About this exercise: Your copy runs from the line containing "Caseflex Sony Xperia" through the last line of the listing, both included. Restate those lines word for word and leave out pictures.

(Information provided)

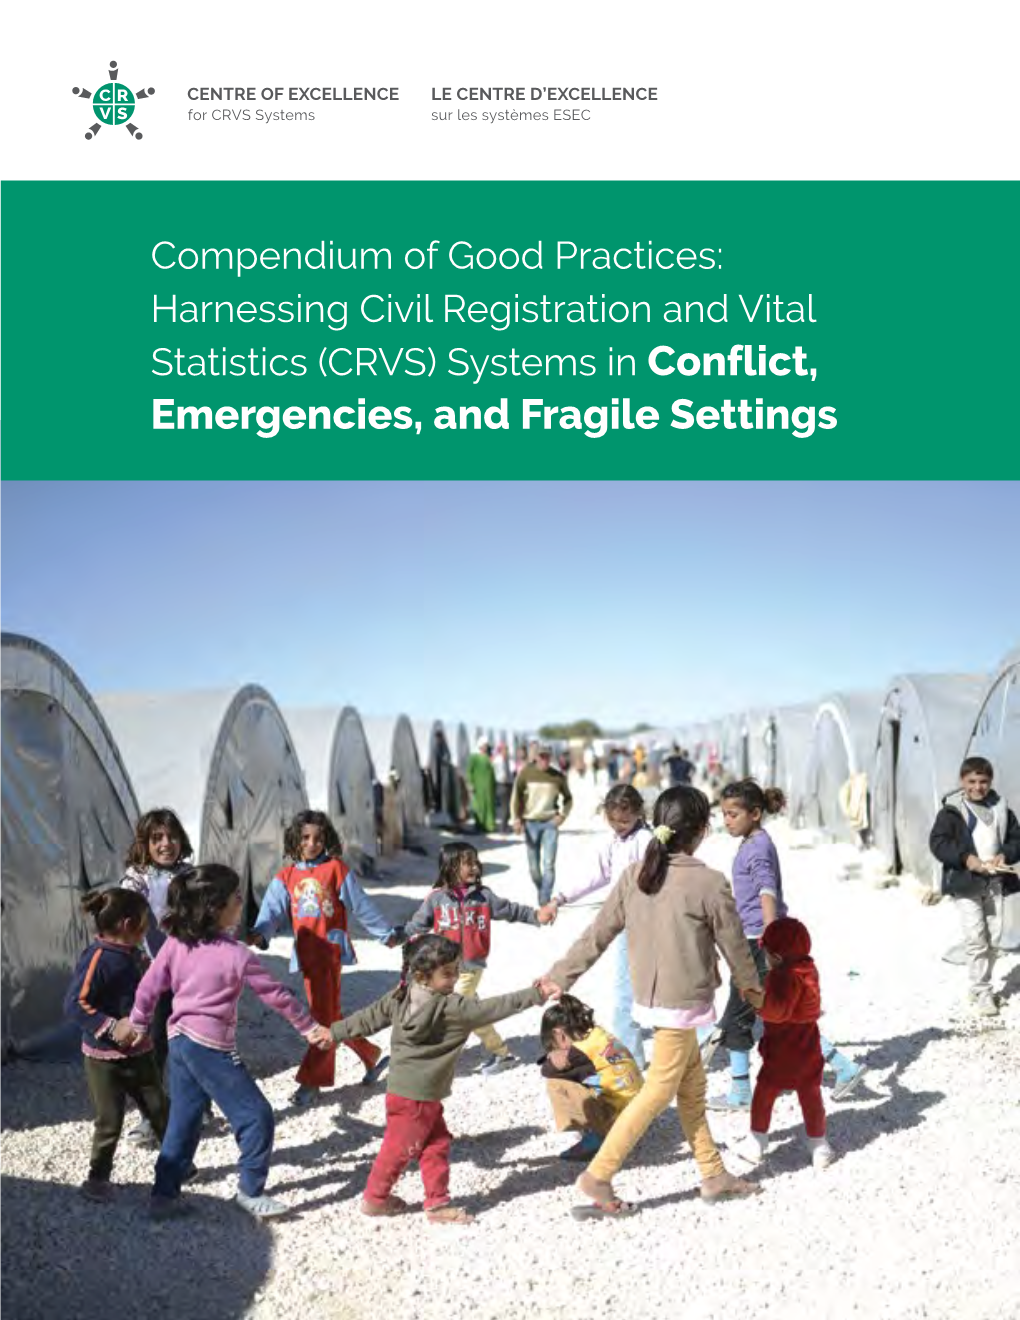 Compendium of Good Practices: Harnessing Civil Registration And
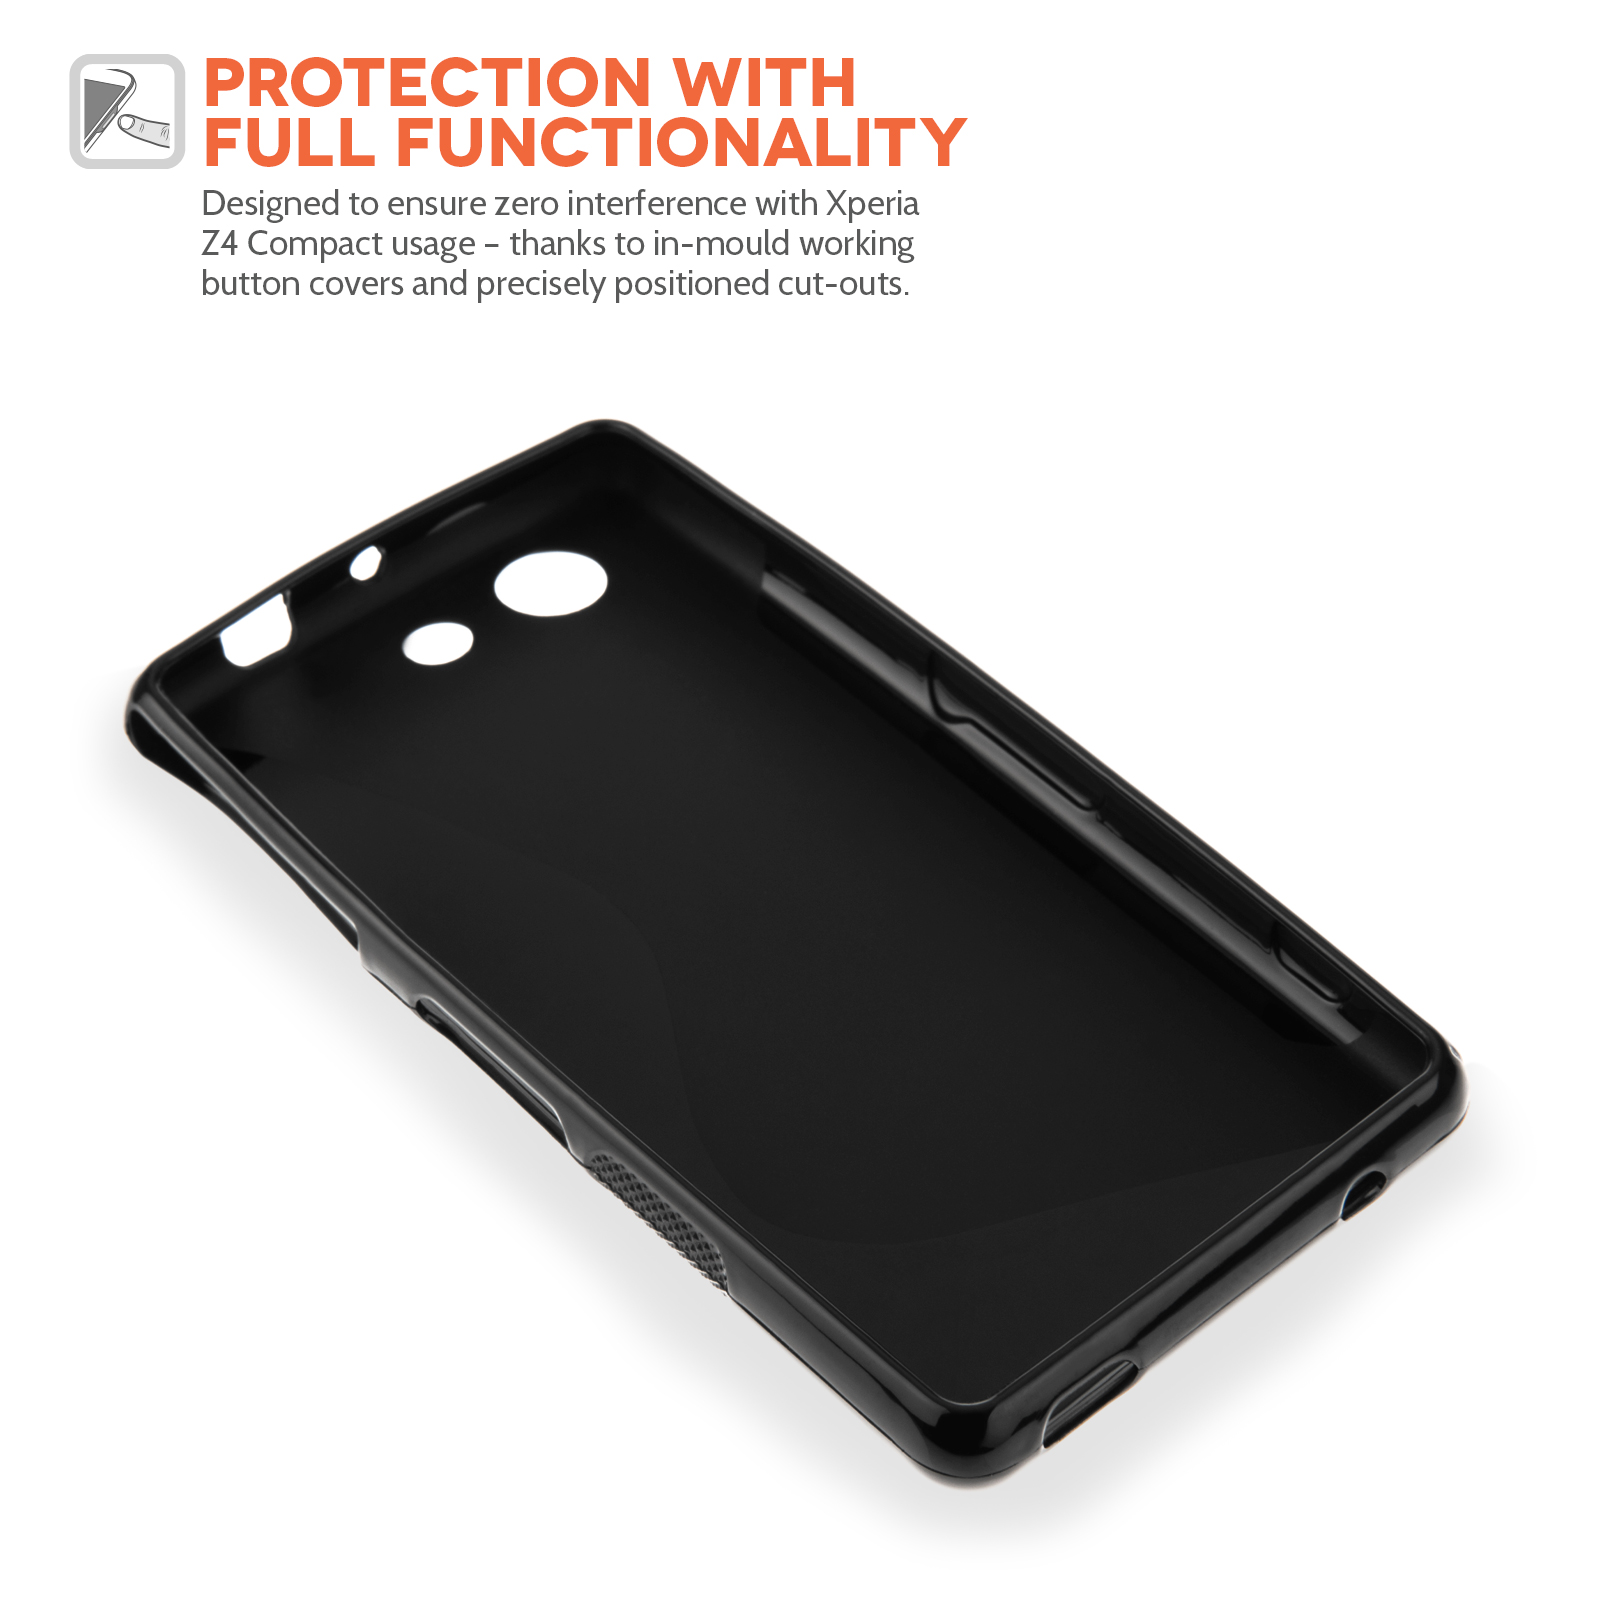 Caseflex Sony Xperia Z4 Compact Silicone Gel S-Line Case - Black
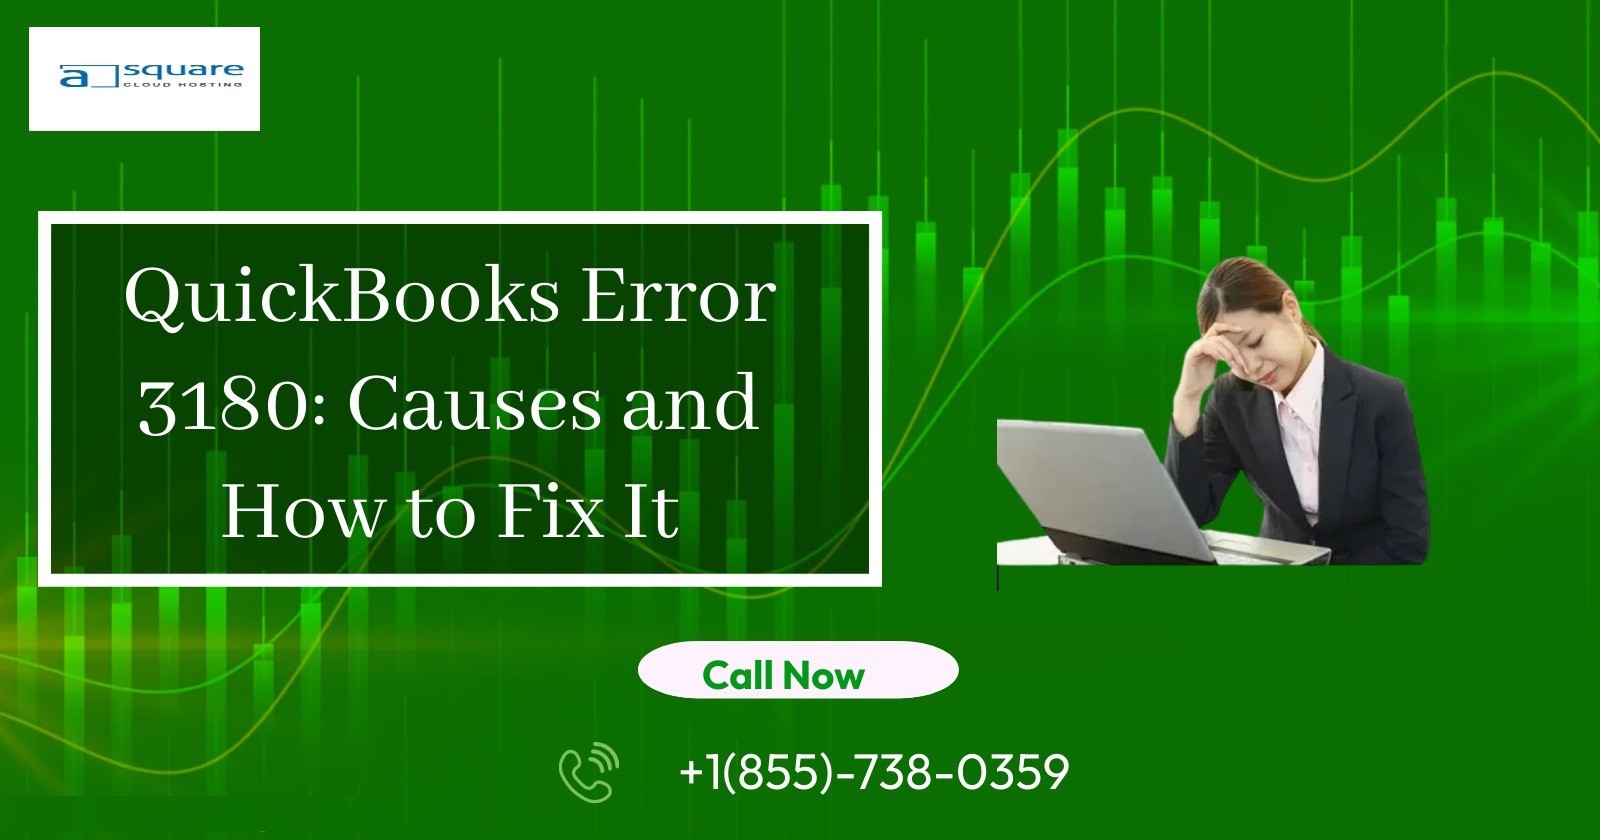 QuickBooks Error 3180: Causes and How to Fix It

(End Information provided)

Your solution:
 Caseflex Sony Xperia Z4 Compact Silicone Gel S-Line Case - Black
 QuickBooks Error 3180: Causes and How to Fix It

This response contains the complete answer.